Череп епископа
Шрифт:
— Дорогой подарочек, — покачал головой Росин. — Где-нибудь в Новгороде…
— На фига мне такой баркас нужен? — перебил его Хомяк. — В одиночку мне с ним не справиться, в сарай его до весны не спрячешь. Сабли да доспехи я могу салом смазать и в землю закопать, золото тоже найду куда заныкать. А с этой бандурой что делать? Забирайте, пока я добрый, пользуйтесь. Считайте это оплатой за ложный вызов. Давайте, уматывайте, пока я не передумал.
Гости не заставили себя долго упрашивать — выкинули на берег лежавшие в лодке палаши, топоры, мелкую походную утварь. Костя осторожно выставил ларец. На дне осталась
— Если что, заходи! — крикнул на прощание Росин. — Река Суйда! Это между Тосной и Оредежем!
— Зима настанет, приду! — помахал рукой Хомяк.
Он стоял на берегу и смотрел вслед собратьям по несчастью, уплывающим в сторону Тосны, последнему напоминанию о том, что родился он не в шестнадцатом веке, а в двадцатом, что когда-то ездил на мощной американской машине, смотрел японский телевизор и играл с шахматы с тайваньским компьютером. Но как только судно скрылось за поворотом, молодой человек тут же кинулся к затону, столкнул лодку на воду и сильными гребками погнал ее в сторону острова.

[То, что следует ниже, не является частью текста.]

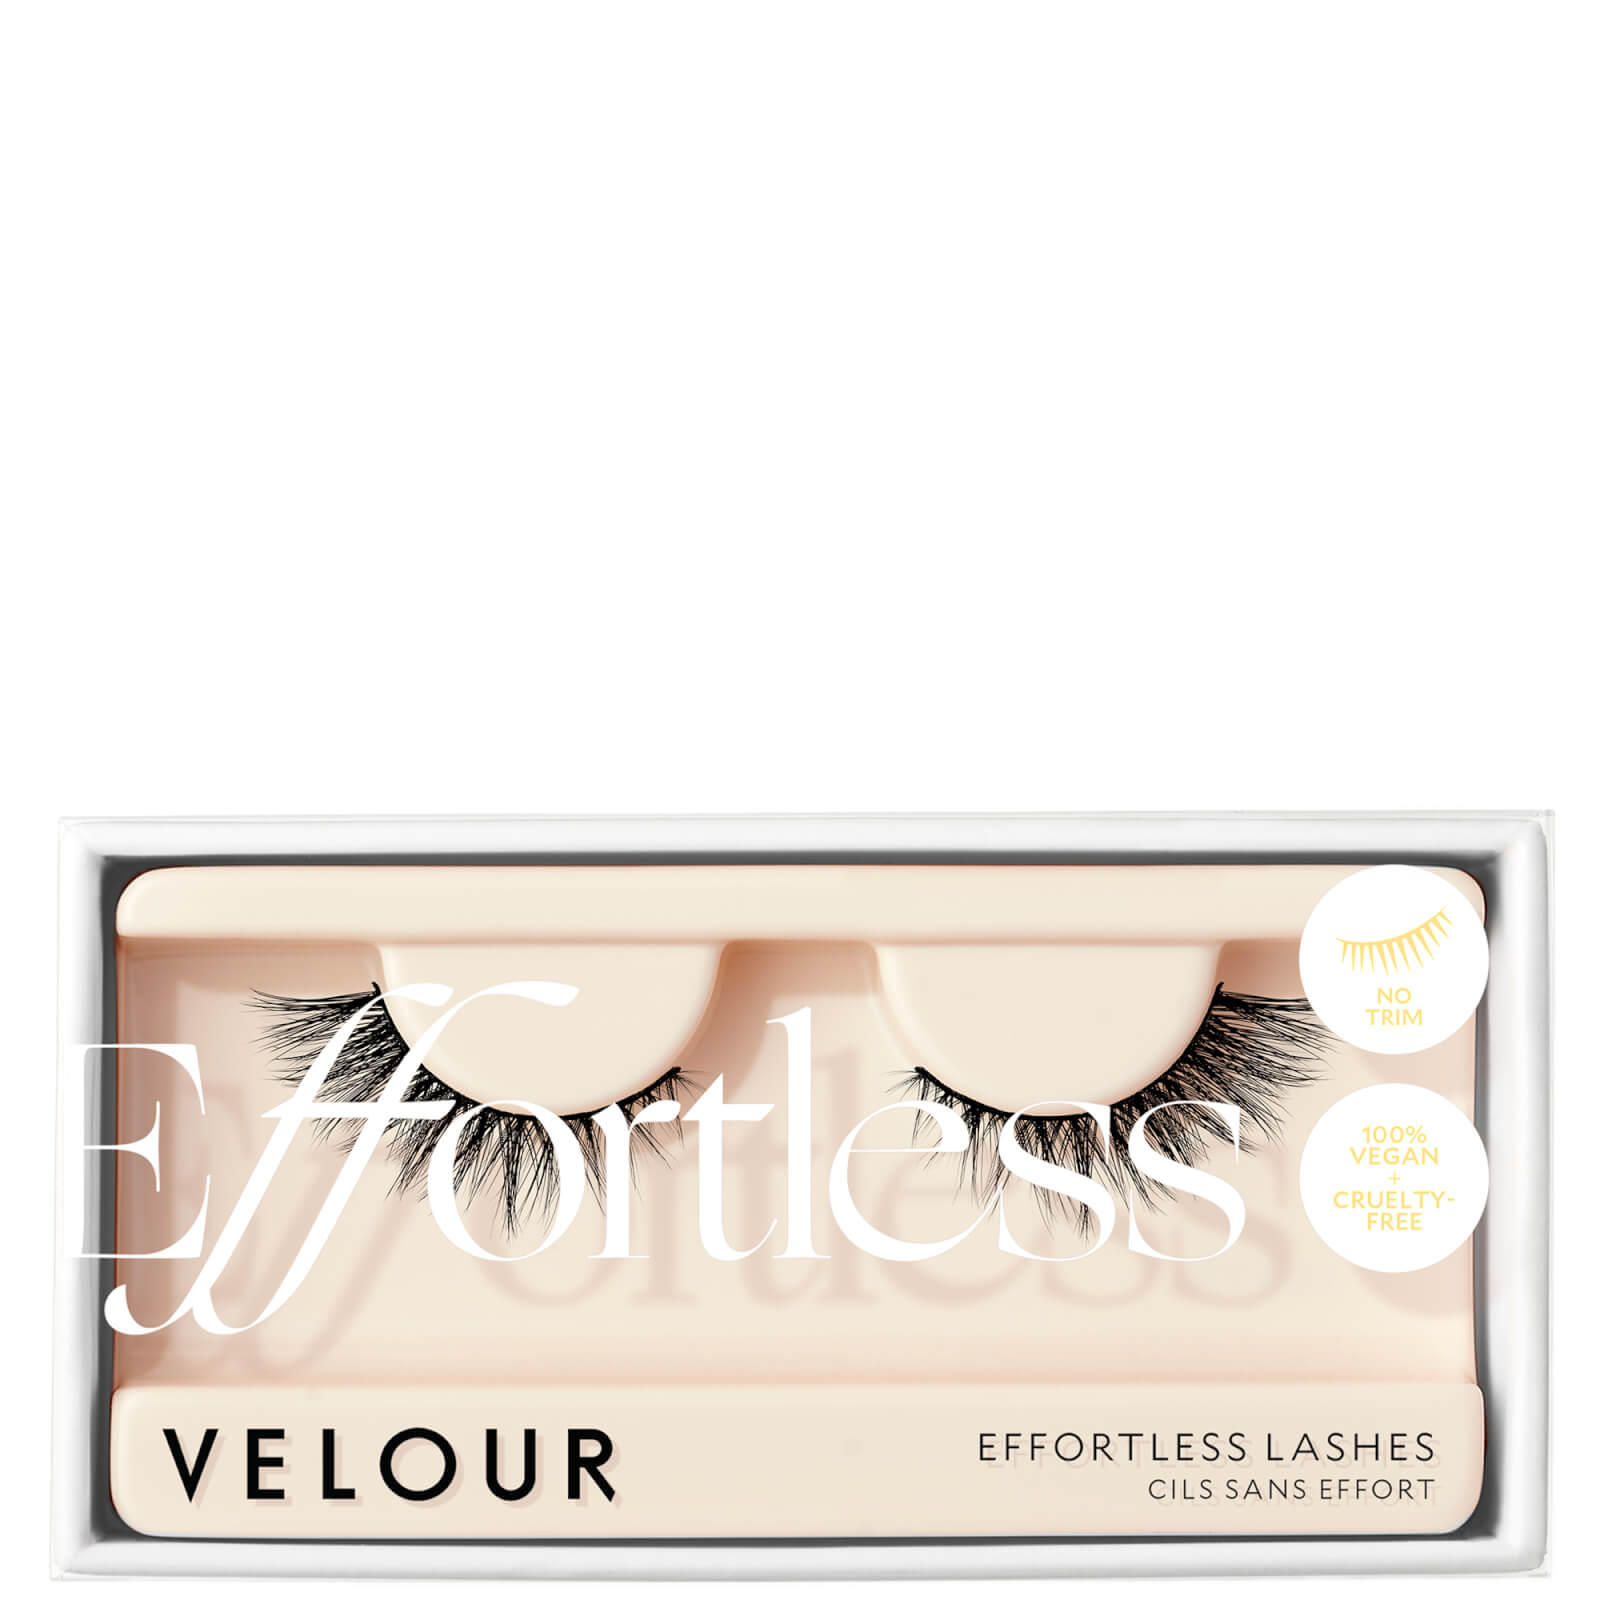 Velour Lashes Effortless Would I lie? Lashes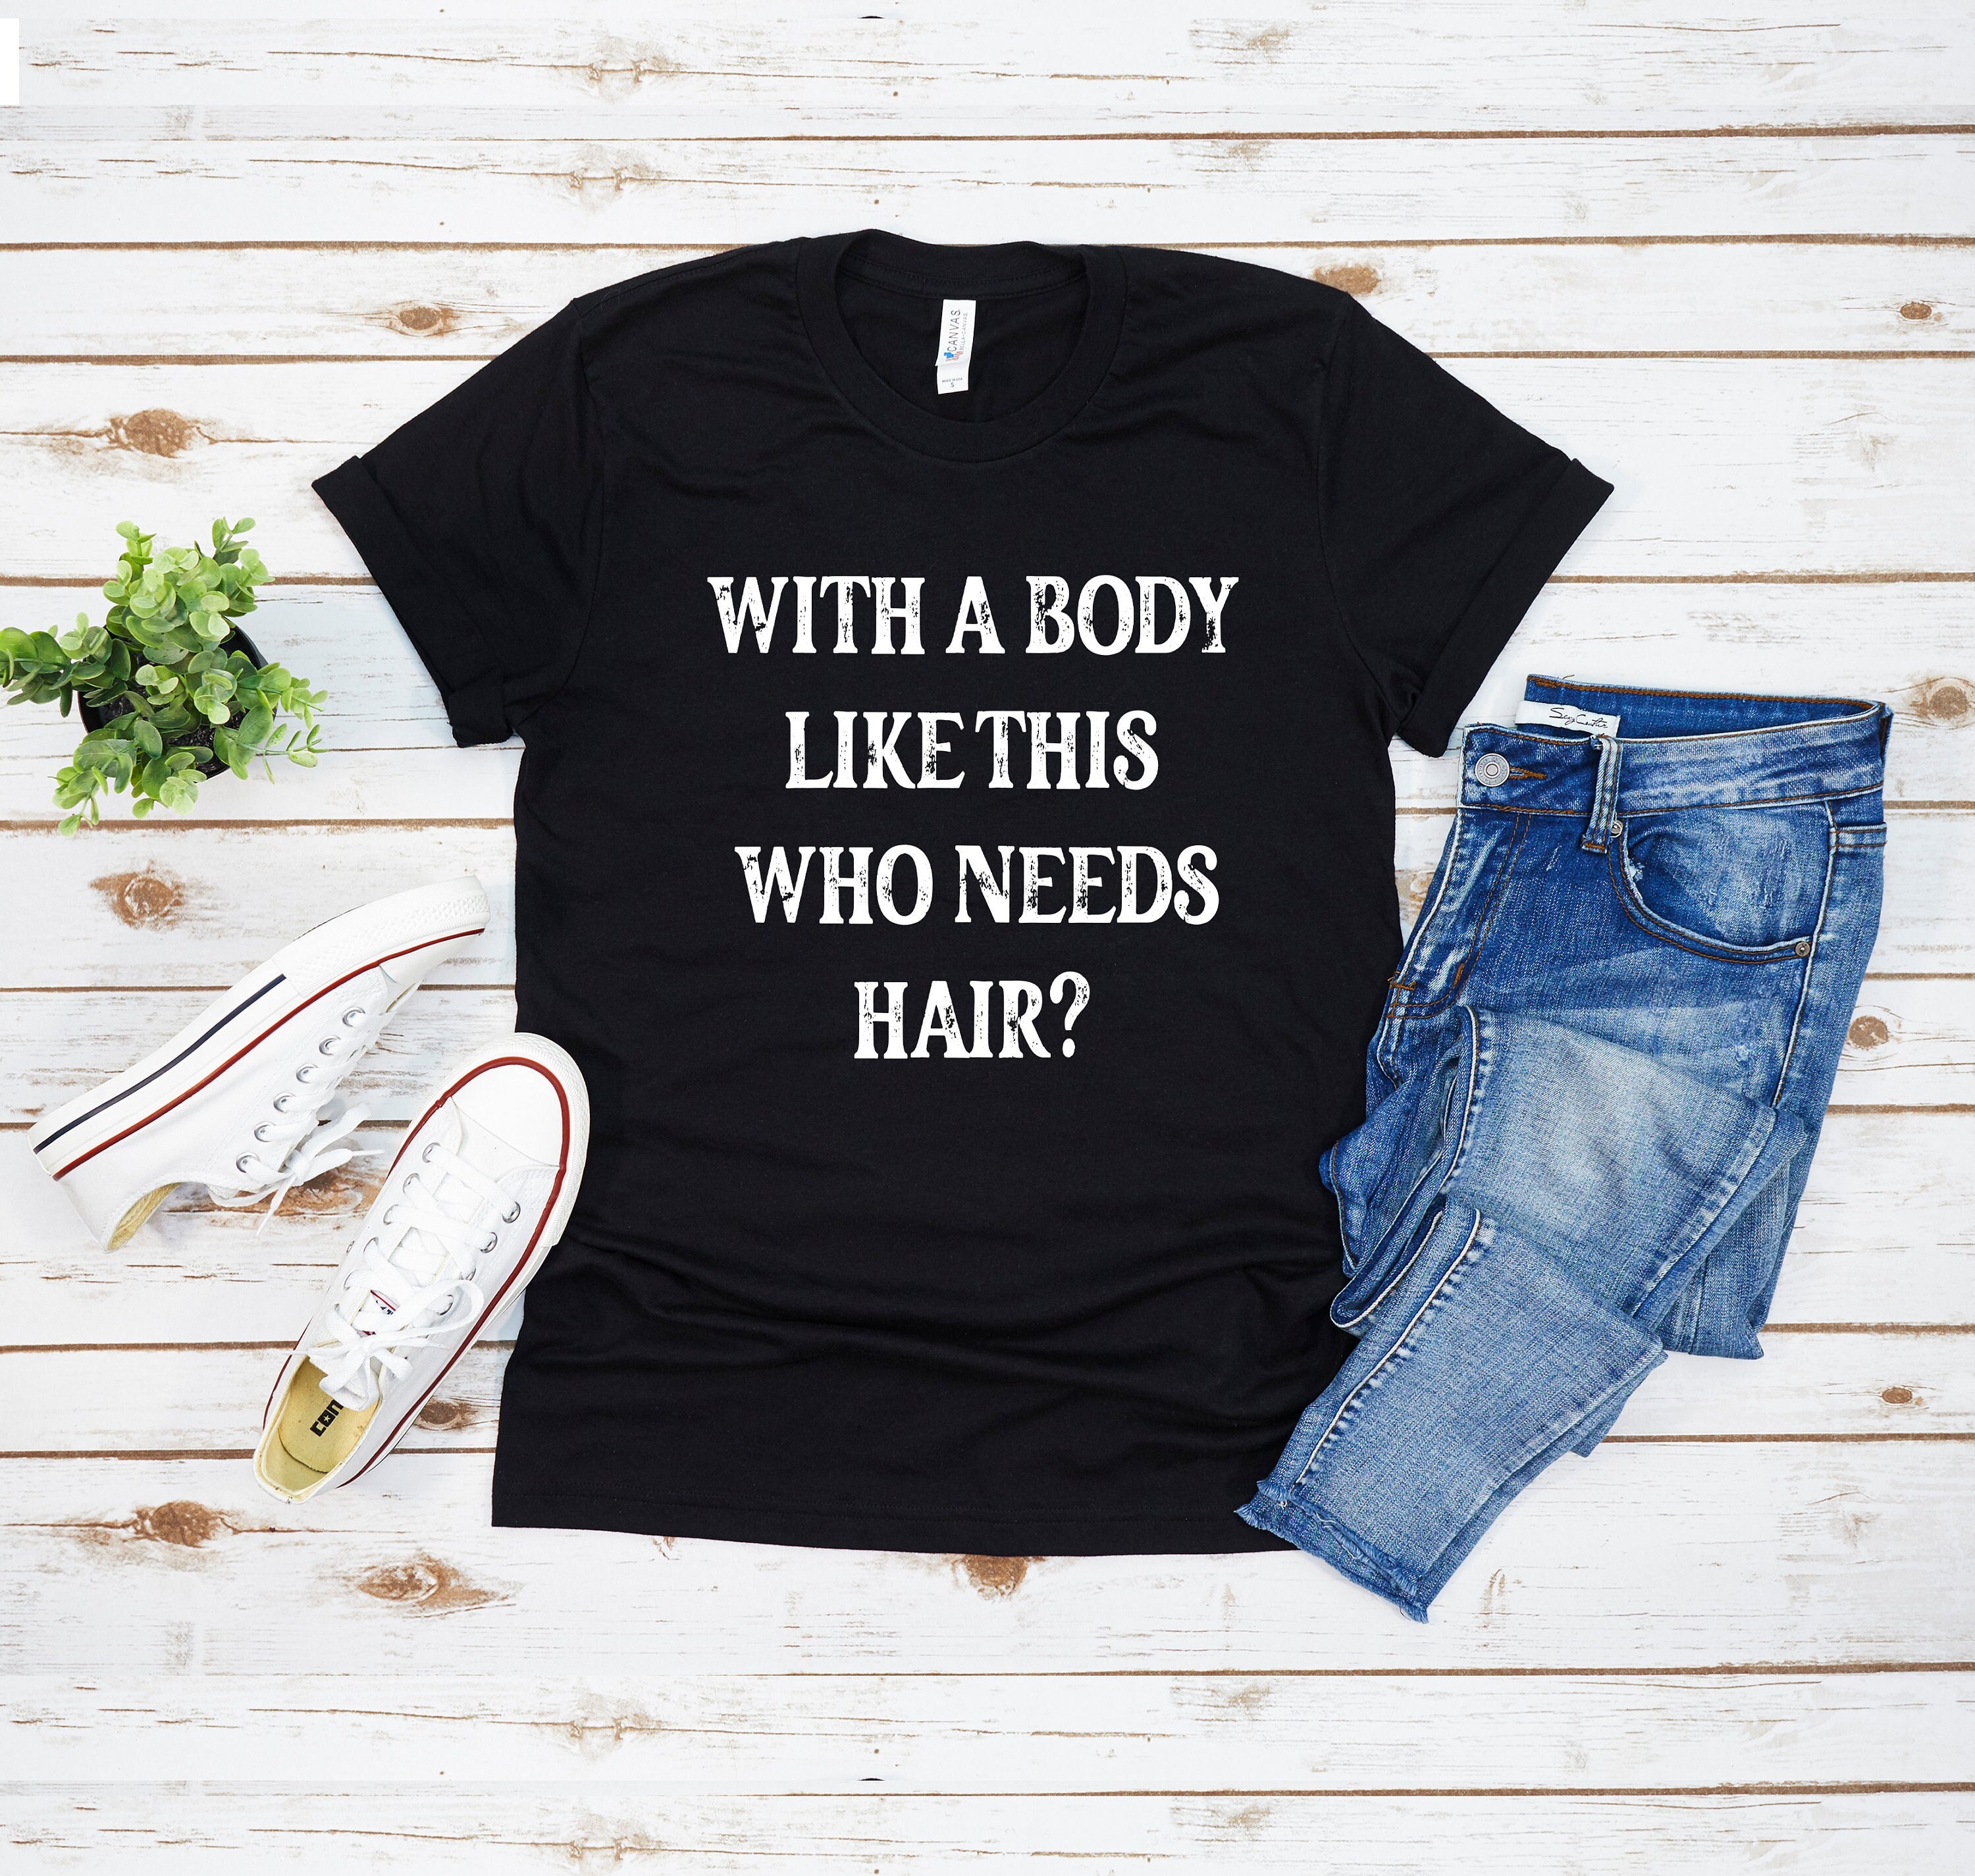 Who Needs Hair T-Shirt, With a Body Like This Who Needs Hair T-Shirt

Здесь, как и всегда, в любую погоду, светило теплое солнце, колыхалась шелковистая трава, кротко шелестели березы, Никита прошел между белыми стволами почти до середины острова, потом тихонько позвал:
— Настя…
— Я здесь, — отозвалась она из-за спины.
— Я хочу спросить тебя одну вещь, Настя…
— Да, любый мой, — далеко обогнула его девушка и встала в десятке метров перед лицом.
— Я хочу спросить… Я хочу узнать, как ты попала на остров? Ведь единственная лодка у меня.
— Я вообще не попадала на остров, Никитушка, — Настя сдвинулась со своего места и по кругу пошла вокруг Хомяка. — Это ты сюда пришел, суженый мой, желанный мой, долгожданный мой. Это ты пришел и позвал меня по имени. Неужели ты не понял, любый мой? Навь я, Никитушка. Навь мертворожденная. Все мы приходим к тем, кто про нас вспоминает, кто по имени кличет. Приходим званными, и соки жизненные пьем, ибо существовать иначе не можем. Затем я к тебе и пришла, Никитушка, затем к плоти тянулась. Смерть тебе несла, но силы в тебе оказалось бессчетно, силы в тебе на нас двоих хватило. Присохла я к тебе, Никитушка, присушилась тем, что есть во мне вместо души, приросла, как березка на светлом лугу…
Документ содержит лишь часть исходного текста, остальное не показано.